Like Paros, its better known near namesake, Antiparos was a closely guarded secret among travelers seeking offbeat experiences. Today, though still far from being mainstream, it is a treasured holiday destination for those in the know, including some household names from the entertainment business. This perhaps explains the peaceful coexistence of laid-back elegance, cosmopolitanism and back to nature nudism, a relic of the 70’s culture that still has its devotees. Yet, despite the island’s surge in popularity over the years and an obvious shift from hippie to hip, the main town of Antiparos (the other is Soros), radiates neatness and springs to life after sunset. Its cobbled streets lead to squares that span out to alleys of all sizes and low-rise houses, pretty tavernas and shops below achingly red bougainvilleas, and eventually lead to the remains of an 15th century Venetian castle surrounded by a maze of balconies and small terraces.

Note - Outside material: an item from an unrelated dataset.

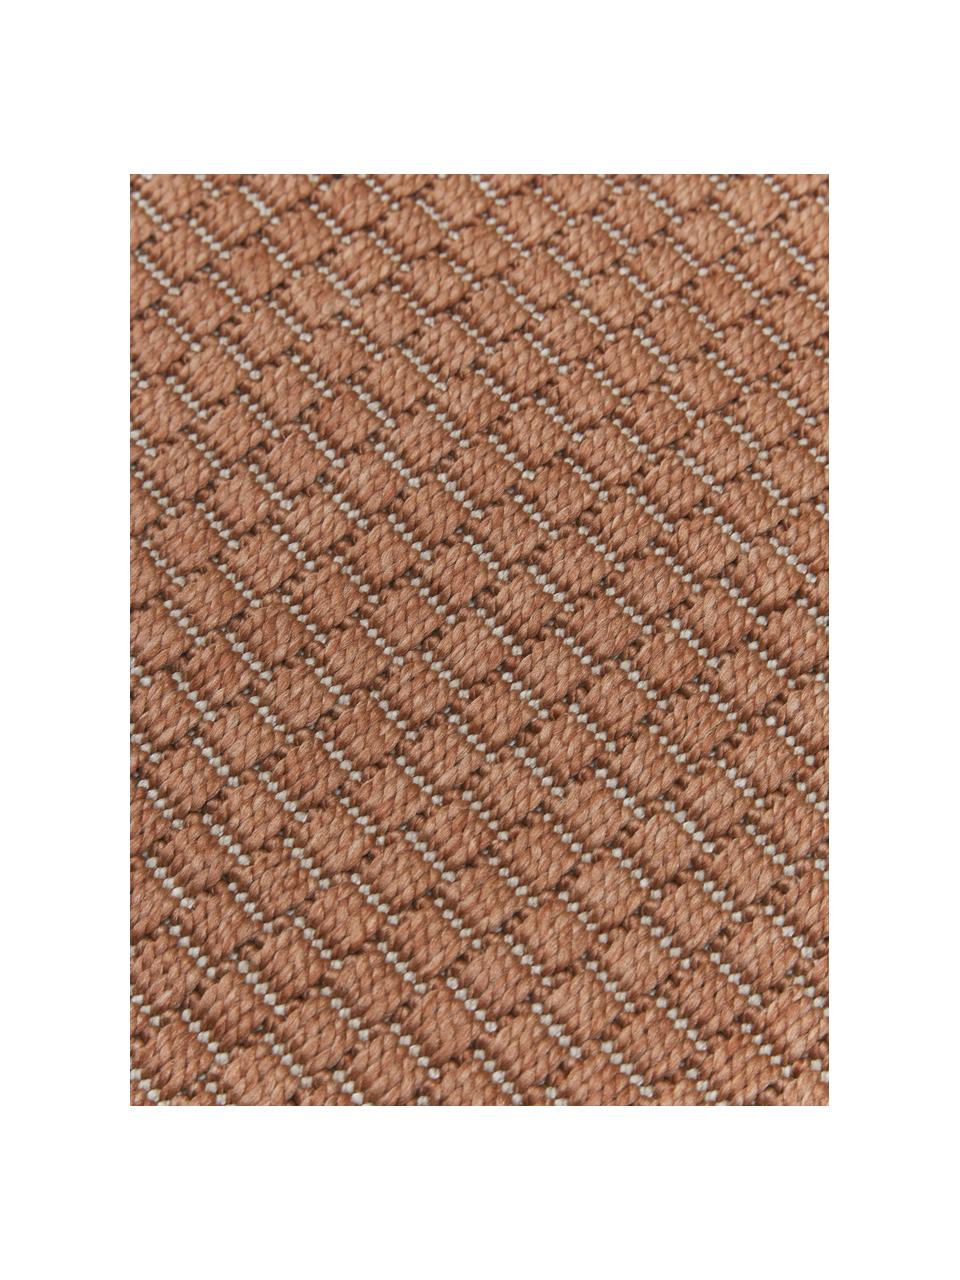 Okrągły dywan wewnętrzny/zewnętrzny Toronto, 100% polipropylen, Terakota, Ø 120 cm (Rozmiar S)

The island itself is a blend of barren rock, steep hills, flat expanses and stretches of patchy green, occasionally dotted with fabulous holiday homes, lagoon-like shallow waters of the northern and southwestern tips, and a more rugged western coast looking out across the open sea. The island of Despotiko just off the southwestern tip of Antiparos, which along with the island of Saliagos to the north came into archaeological prominence from the 19th century onwards, as well as a constellation of smaller isles, including Panteronisi, Fira, Diplo and Stroggyli are perfect for day excursions and swimming. Psaraliki, in parts an organized family-oriented beach within walking distance from the main town is an obvious choice, but for something different try Faneromeni, and the lagoon-like waters of Agios Georgios and Fira. The beaches of Livadi and Soros, the latter near the island’s second largest community, are also well worth a visit, as is Xylompatia on Despotiko. Winds permitting, the nearby islets offer a broad selection of memorable swimming spots accessible by boat, though during peak season you’ll need to pick your coves wisely.
Cave of Agios Ioannis: 400 steps into the bowels of the earth, this is one of the most well-known vertical caves in the world. Besides its millennia-old geological ancestry, its spectacular stalagmites and stalactites also bear the marks of an eventful history since Alexander the Great.